Para Fernandes (2013), a reforma agrária dos dois mandatos do governo Lula, de 2003 a 2006 e de 2007 a 2010, atingiu apenas 37% do que o II PNRA previa para o primeiro mandato. Observa o autor que o governo também não combateu o problema da alta concentração fundiária e da subalternidade do campesinato. Ao contrário, o governo buscou integrar o campesinato o que fortalece a sua dependência na agricultura do modo capitalista de produção. Nas palavras do autor:

A proposta adotada foi o II Plano Nacional de Reforma Agrária (II PNRA): paz, produção e qualidade de vida no meio rural, elaborada pela equipe do ministro de Estado do Desenvolvimento Agrário, Miguel Soldatelli Rosseto. O II PNRA apresentava como meta assentar 400 mil famílias, financiar a aquisição de terras para 130 mil famílias e regularizar as terras de 500 mil famílias, no período de 2003 a 2006. No total, 1 milhão e 30 mil famílias conseguiriam suas terras, por meio da desapropriação da propriedade capitalista, da compra ou da regularização fundiária. Apesar de tímido, o II PNRA tentou seguir as metas da proposta elaborada pela equipe de Plínio de Arruda Sampaio, mas indicava que não enfrentaria o problema da concentração fundiária e da subalternidade do campesinato, pois priorizava a regularização e a “integração” do campesinato no capitalismo. Tanto o plano governamental quanto a proposta utilizaram como referências de demandantes de reforma agrária as famílias acampadas, a Pesquisa Nacional por Amostra de Domicílios (Pnad), o Censo Agropecuário, o Censo Demográfico e o Sistema Nacional de Informações de Projetos de Reforma Agrária (Sipra/Incra). As estimativas de ambos eram em torno de 5 milhões de famílias, indicando que uma política de reforma agrária não seria realizada somente por um governo. A reforma agrária de Lula, em seus dois mandatos, resultou em torno de 37% da meta do II PNRA para o primeiro mandato [...] (FERNANDES, 2013, p.195).

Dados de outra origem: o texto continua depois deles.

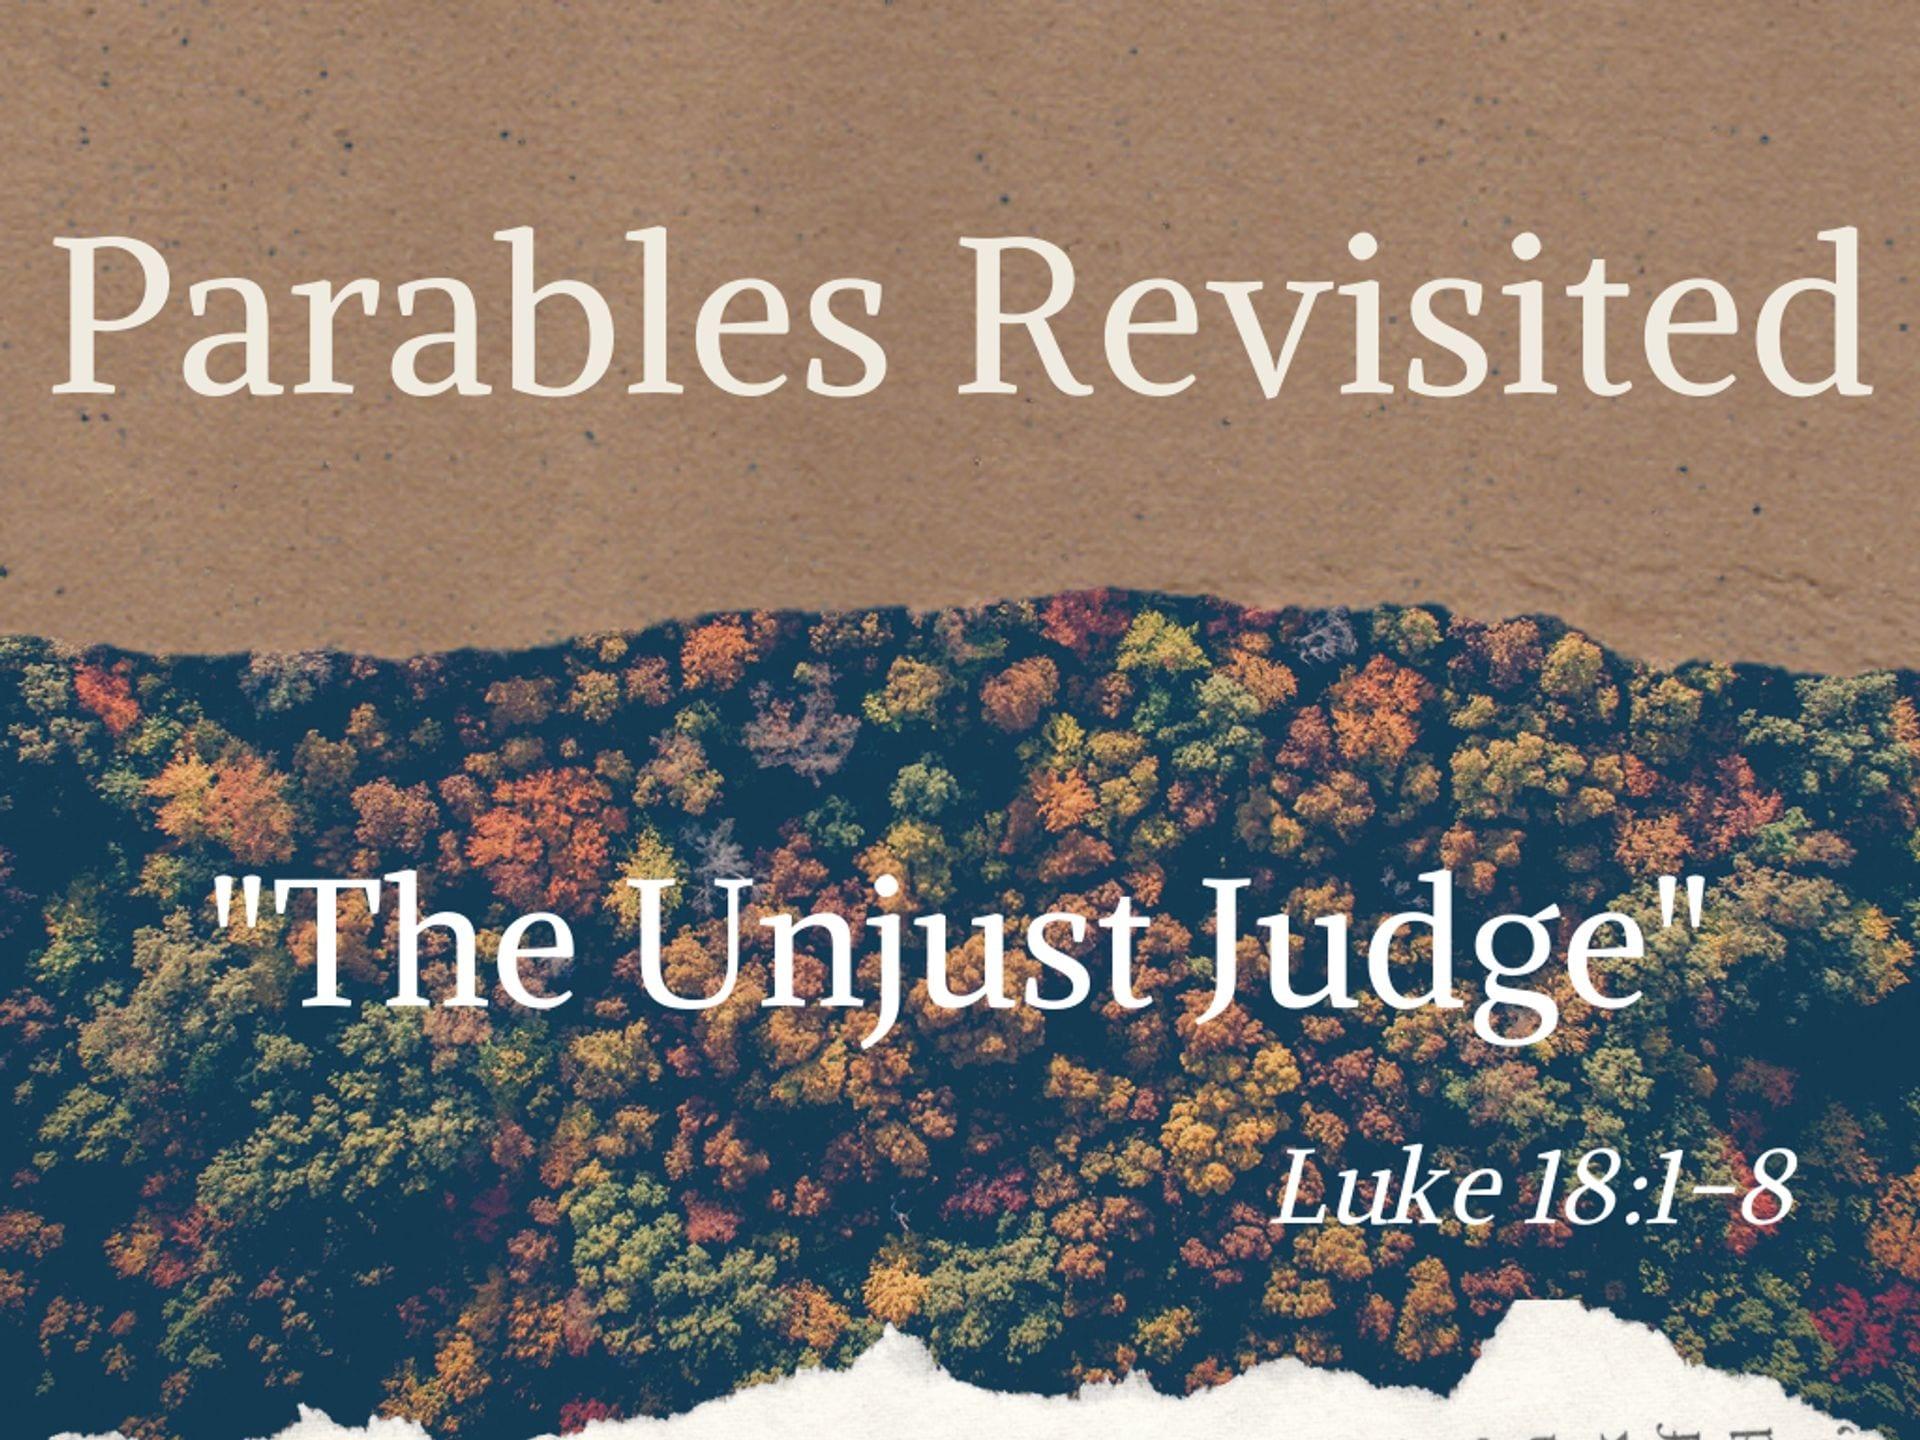 The Unjust Judge

É neste cenário, com a não realização das políticas afirmadas nos Planos Nacionais de Reforma Agrária que as lutas sociais camponesas ainda resistem. Por um lado, o governo brasileiro apoia as políticas neoliberais e o agronegócio. Por outro lado, os movimentos camponeses continuam a lutar e articular ações para reivindicar seus direitos.